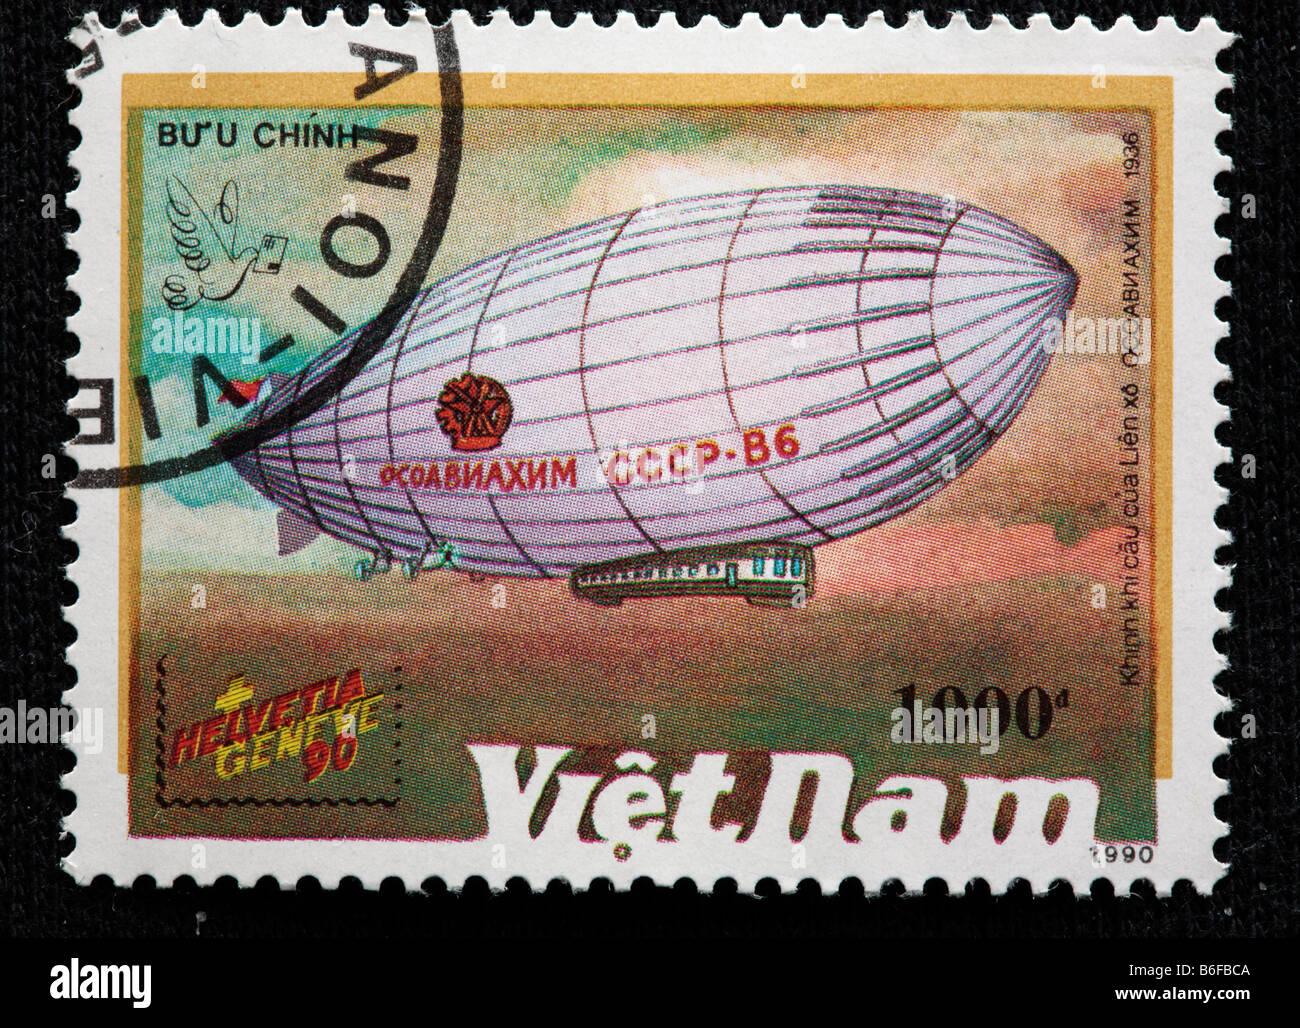 "History of aviation, Russian airship ""Osoaviakhim"" (1936), postage stamp, Vietnam, 1990 Stock Photo"
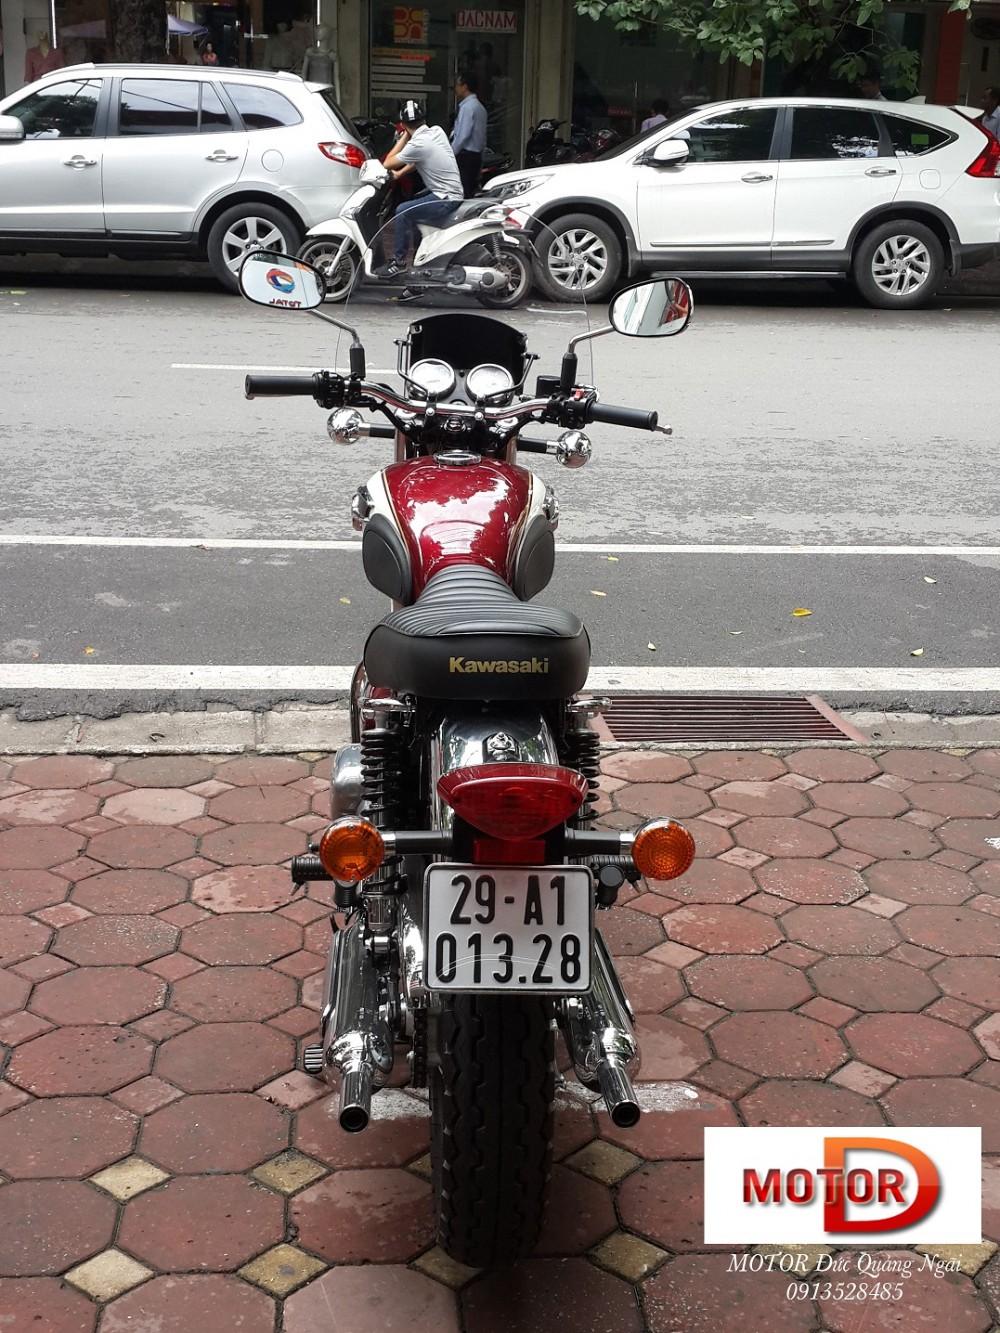 W800 KAWASAKI DUC QUANG NGAI - 2
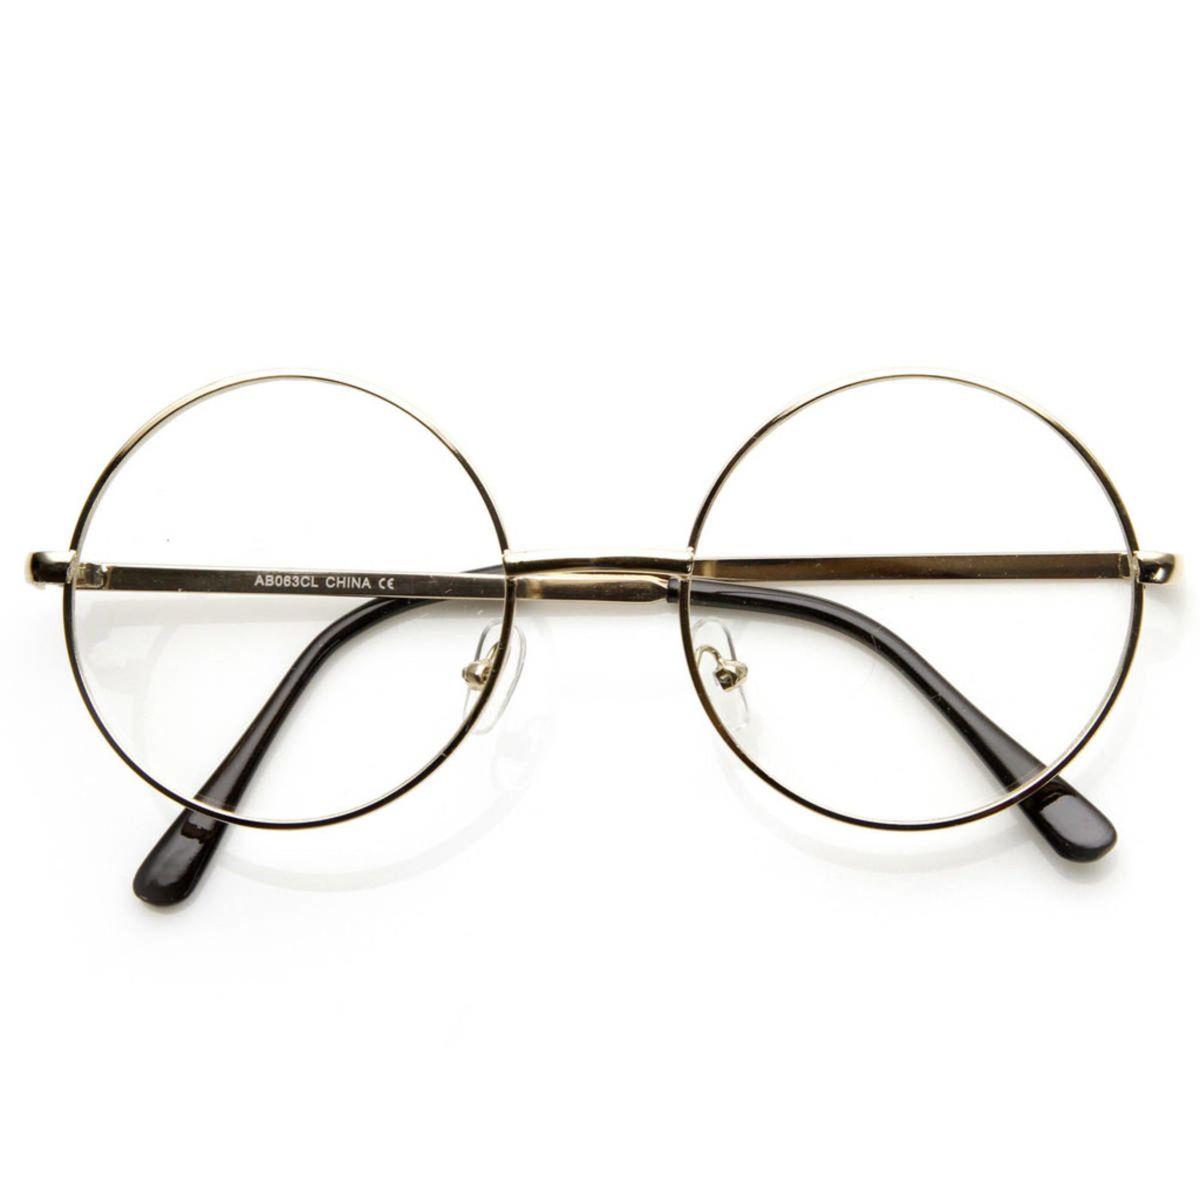 f5a927753a531 Óculos Redondo - Harry Potter - John Lennon
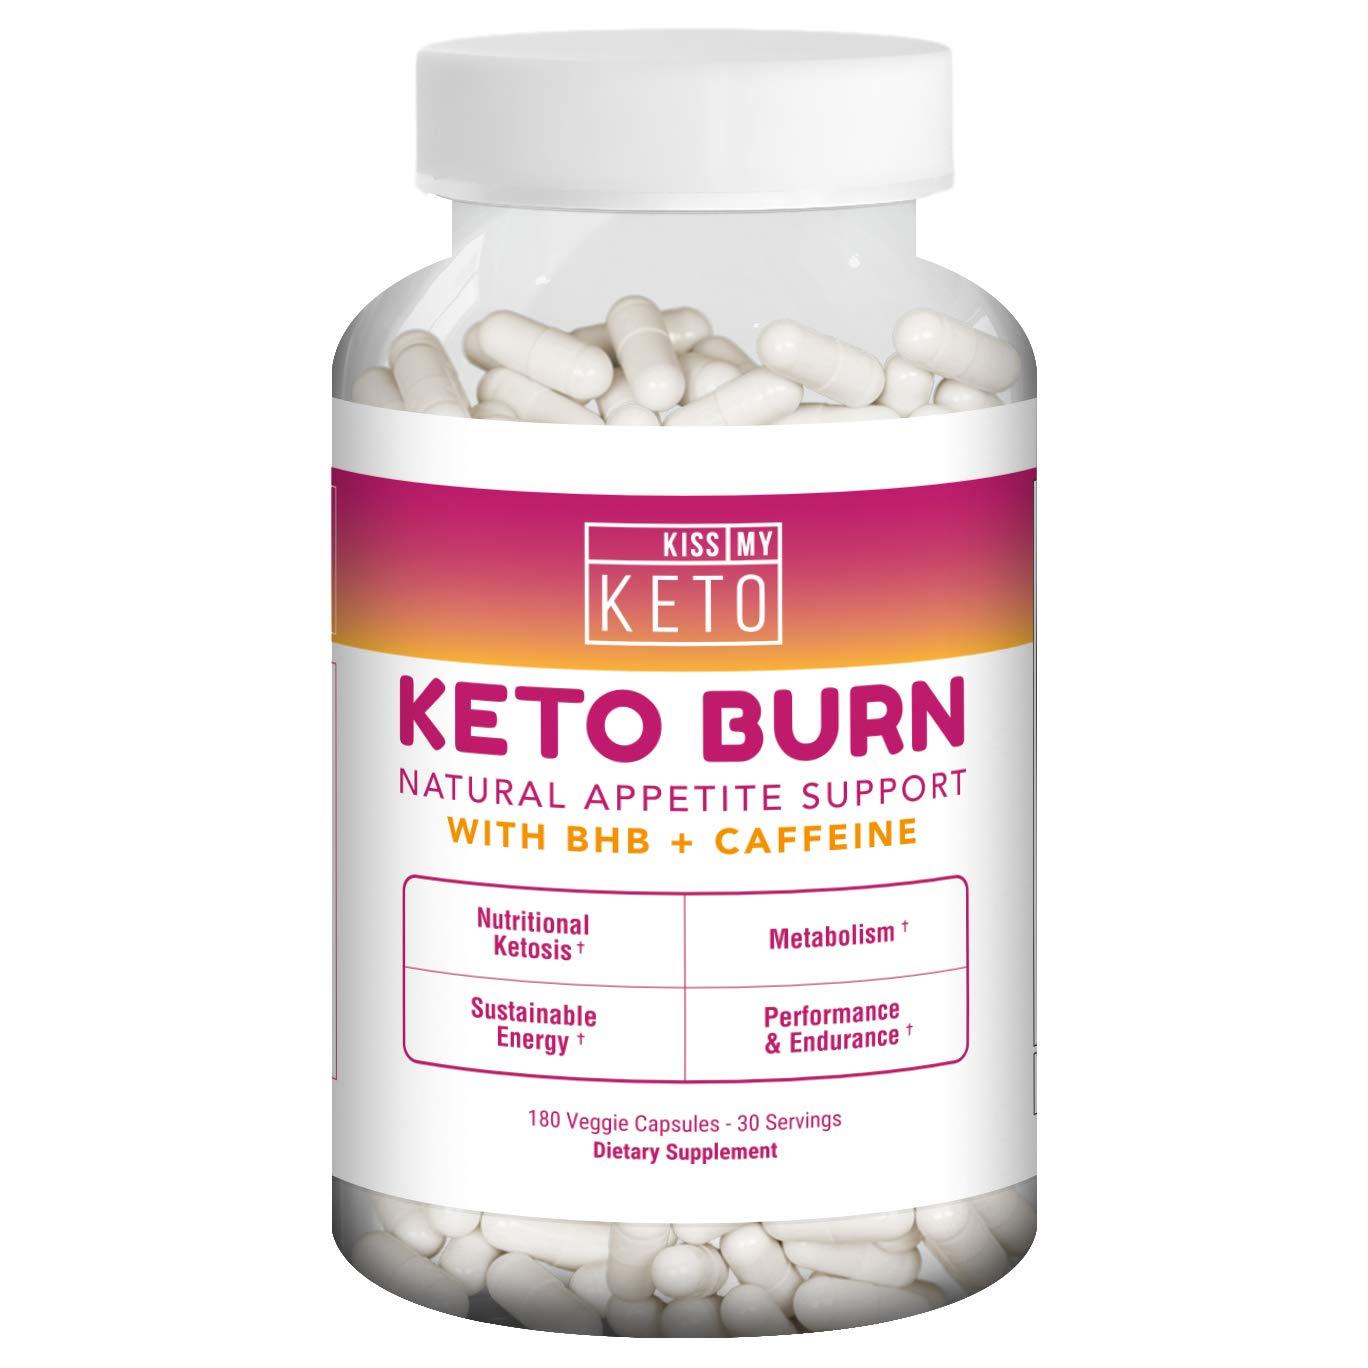 Kiss My Keto Burn Capsules - 180 Veggie Caps, Exogenous Ketones Capsules with BHB Salts as Ketones for Appetite Support w/Caffeine, Apple Cider Vinegar, L-Carnitine, CLA, Garcinia Cambogia

.....

When you output the listing, reproduce it exactly but drop its pictures.

» Solution to the problem:
 "History of aviation, Russian airship ""Osoaviakhim"" (1936), postage stamp, Vietnam, 1990 Stock Photo"
 W800 KAWASAKI DUC QUANG NGAI - 2
 f5a927753a531 Óculos Redondo - Harry Potter - John Lennon
 Kiss My Keto Burn Capsules - 180 Veggie Caps, Exogenous Ketones Capsules with BHB Salts as Ketones for Appetite Support w/Caffeine, Apple Cider Vinegar, L-Carnitine, CLA, Garcinia Cambogia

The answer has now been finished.